At some point, most discussions of the representation of marginalised groups in cinema (and the media in general) lament the absence of whichever group is under consideration. For example, Colin Barnes suggests that the absence of characters with disability in the media has resulted in the widespread cultural belief that people with disability can not participate in everyday life (1). In The Problem Body, however, Sally Chivers and Nicole Markotić maintain that, unlike other marginalised groups, films rarely ignore disability (think of all those Academy Awards for “worthy” performances). Rather, reviewers fail to recognise the sociocultural aspects of disability – instead, they continually locate it in the body – and audiences in general are assumed to be able-bodied.

“Problem bodies” are broadly defined as – but not confined to – representations of disability, illness, ageing, obesity, etc. Through a focus on the filmic projection of problem bodies, Chivers and Markotić seek to contribute to a post-Mulvey mode of film analysis that redirects “the gaze” towards contemporary social issues such as disability. Their definition of disability is much broader than other critical investigations of disability influenced by a social model (which argues disability is exclusively located in social practices, having nothing to do with the body). As a result, The Problem Body broadens the scope of disability cultural analysis. By focusing on the way narrative and mise en scène create the problem body, rather than identifying “damaging” stereotypes, this collection of essays offers new frameworks and modes of analysis.

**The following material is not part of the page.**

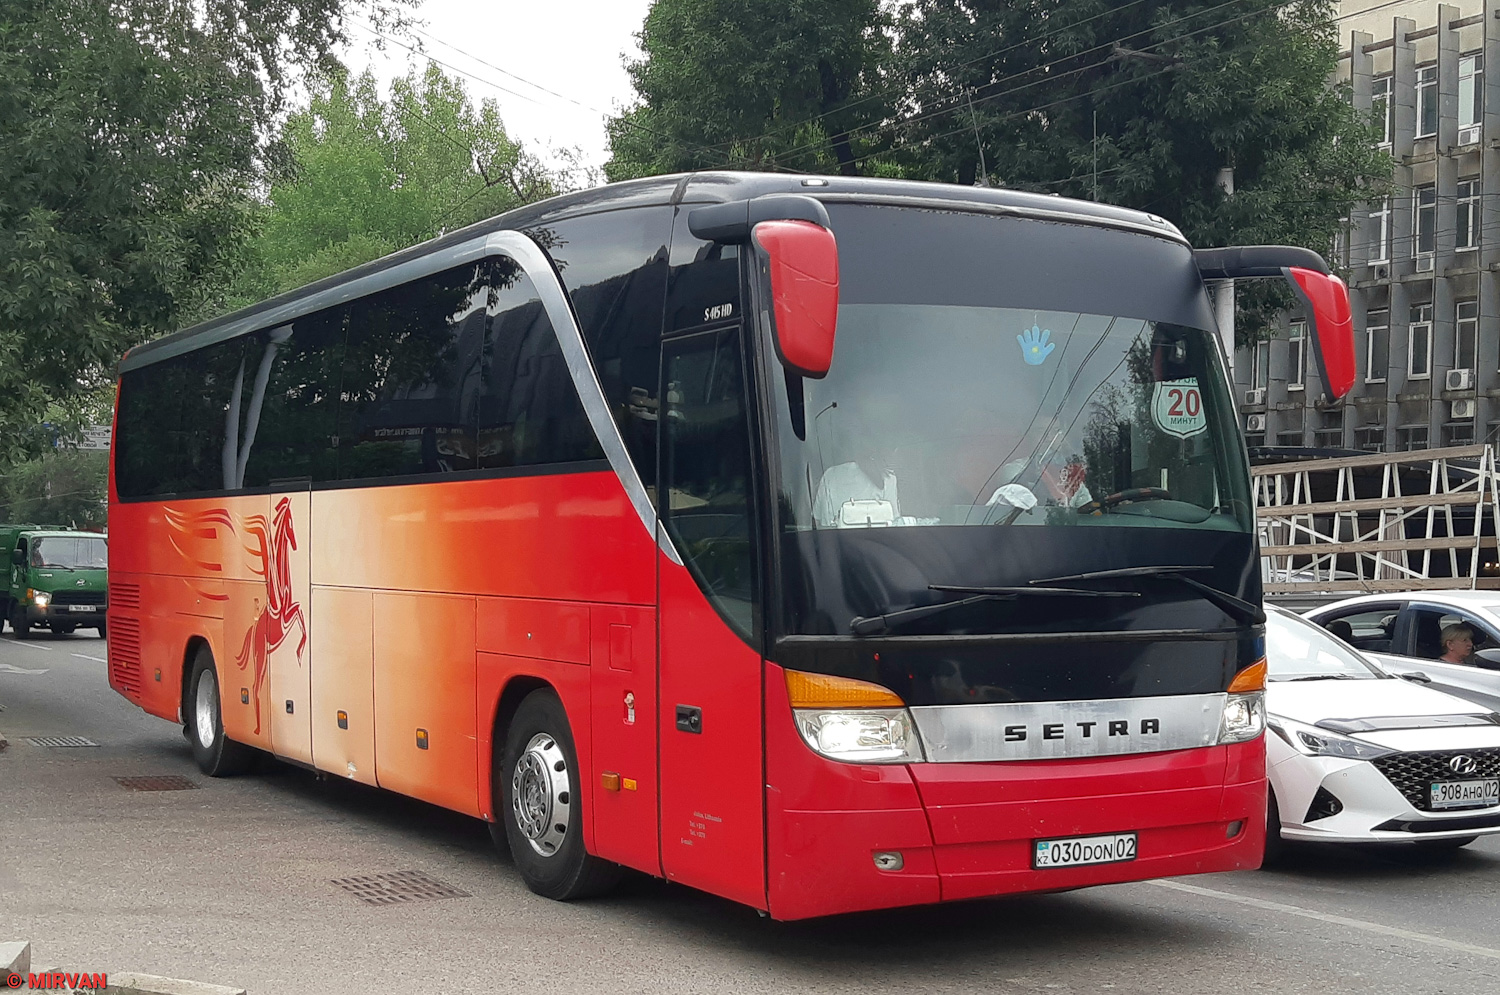 Almaty, Setra S415HD č. 030 DON 02

The Problem Body seeks to distinguish itself from other investigations of disability in cinema by questioning why some bodies invite that “problem” label while others do not. David Mitchell and Sharon Snyder’s work is an obvious influence in this collection, with the first three chapters including the same quote from their book, Narrative Prosthesis: “disability has been used throughout history as a crutch on which literary narratives lean for their representational power, disruptive potentiality, and social critique” (2). This idea is an important concept in the cultural investigation of disability and in understanding how disability is used so frequently in cinema as an image or, as I have previously suggested, a narrative shortcut (3). The contributors to The Problem Body go on to show how disability, and the images it conjures in the minds of audiences, structures many film genres, from the obvious (although neglected in disability studies) illness narratives, to film noir, to classic Hollywood, and Korean and European film. The collection also includes a fictional coda which reassesses the value of disabled people on screen and in the audience. Beyond simple statements about what disability means, however, the contributors also interrogate the way disability is shaped, the way it is treated by the camera and the ways in which a normative gaze is established.

Disability film analysis started gaining momentum in the 1980s and ’90s, with investigations of films such as Wait Until Dark (Terence Young, 1967), My Left Foot (Jim Sheridan, 1989), Born on the Fourth of July (Oliver Stone, 1989) and Whose Life Is It Anyway? (John Badham, 1981). As the theorisation in this area is rich, I was somewhat disappointed that this collection was not bolder in its selection of films. Disability is still a pervasive image in recent cinema and I would have liked to see further investigation of this. As a work of synthesis, however, The Problem Body provides an excellent foundation to this area. While Million Dollar Baby (Clint Eastwood, 2004) is mentioned in a number of the essays, I fear that this film is becoming one of the usual suspects in this area which needs to broaden its scope. I’m also reading Transgressive Bodies (4), another new book that includes two chapters on disability using more up-to-date films, such as the films of the Farrelly brothers and the type of documentaries Mitchell and Snyder recommend in their chapter of The Problem Body. If it is true, as Chivers and Markotić suggest, that disability is everywhere in cinema (and it is), then investigations of more films made in recent years would have been a welcome inclusion.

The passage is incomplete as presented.